Methods: A multicenter, semiblinded, noninferiority randomized controlled trial of discharge from the PACU with or without assessment of lower limb motor function after elective total hip or knee arthroplasty under spinal anesthesia was undertaken. The primary outcome was frequency of a successful fast-track course (length of stay 4 days or less and no 30-day readmission). Noninferiority would be declared if the odds ratio (OR) for a successful fast-track course was no worse for those patients receiving no motor function assessment versus those patients receiving motor function assessment by OR = 0.68.

Results: A total of 1,359 patients (98.8% follow-up) were available for analysis (93% American Society of Anesthesiologists class 1 to 2). The primary outcome occurred in 92.2% and 92.0%, corresponding to no motor function assessment being noninferior to motor function assessment with OR 0.97 (95% CI, 0.70 to 1.35). Adverse events in the ward during the first 24 h occurred in 5.8% versus 7.4% with or without motor function assessment, respectively (OR, 0.77; 95% CI, 0.5 to 1.19, P = 0.24).
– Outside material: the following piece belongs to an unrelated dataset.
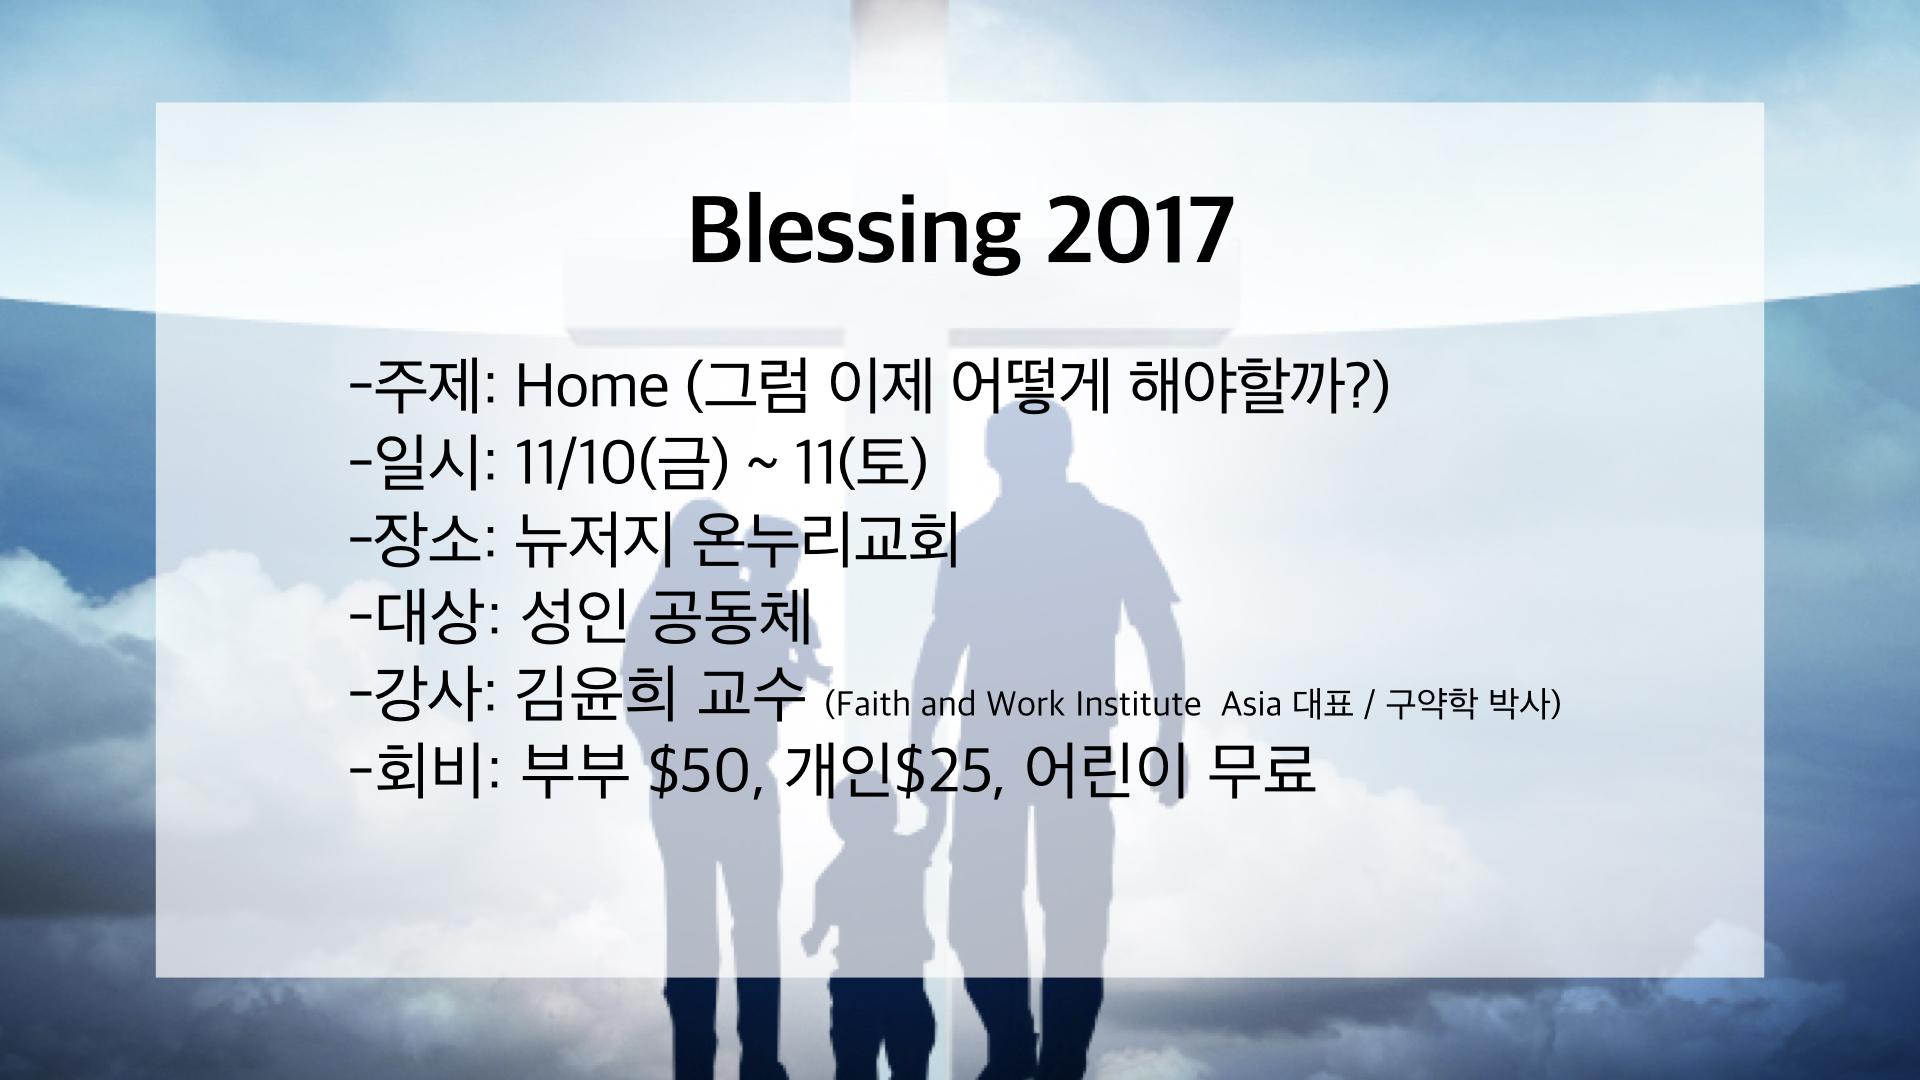 Blessing 2017

Conclusions: PACU discharge without assessment of lower limb motor function after spinal anesthesia for total hip or knee arthroplasty was noninferior to motor function assessment in achieving length of stay 4 days or less or 30-day readmissions. Because a nonsignificant tendency toward increased adverse events during the first 24 h in the ward was discovered, further safety data are needed in patients without assessment of lower limb motor function before PACU discharge.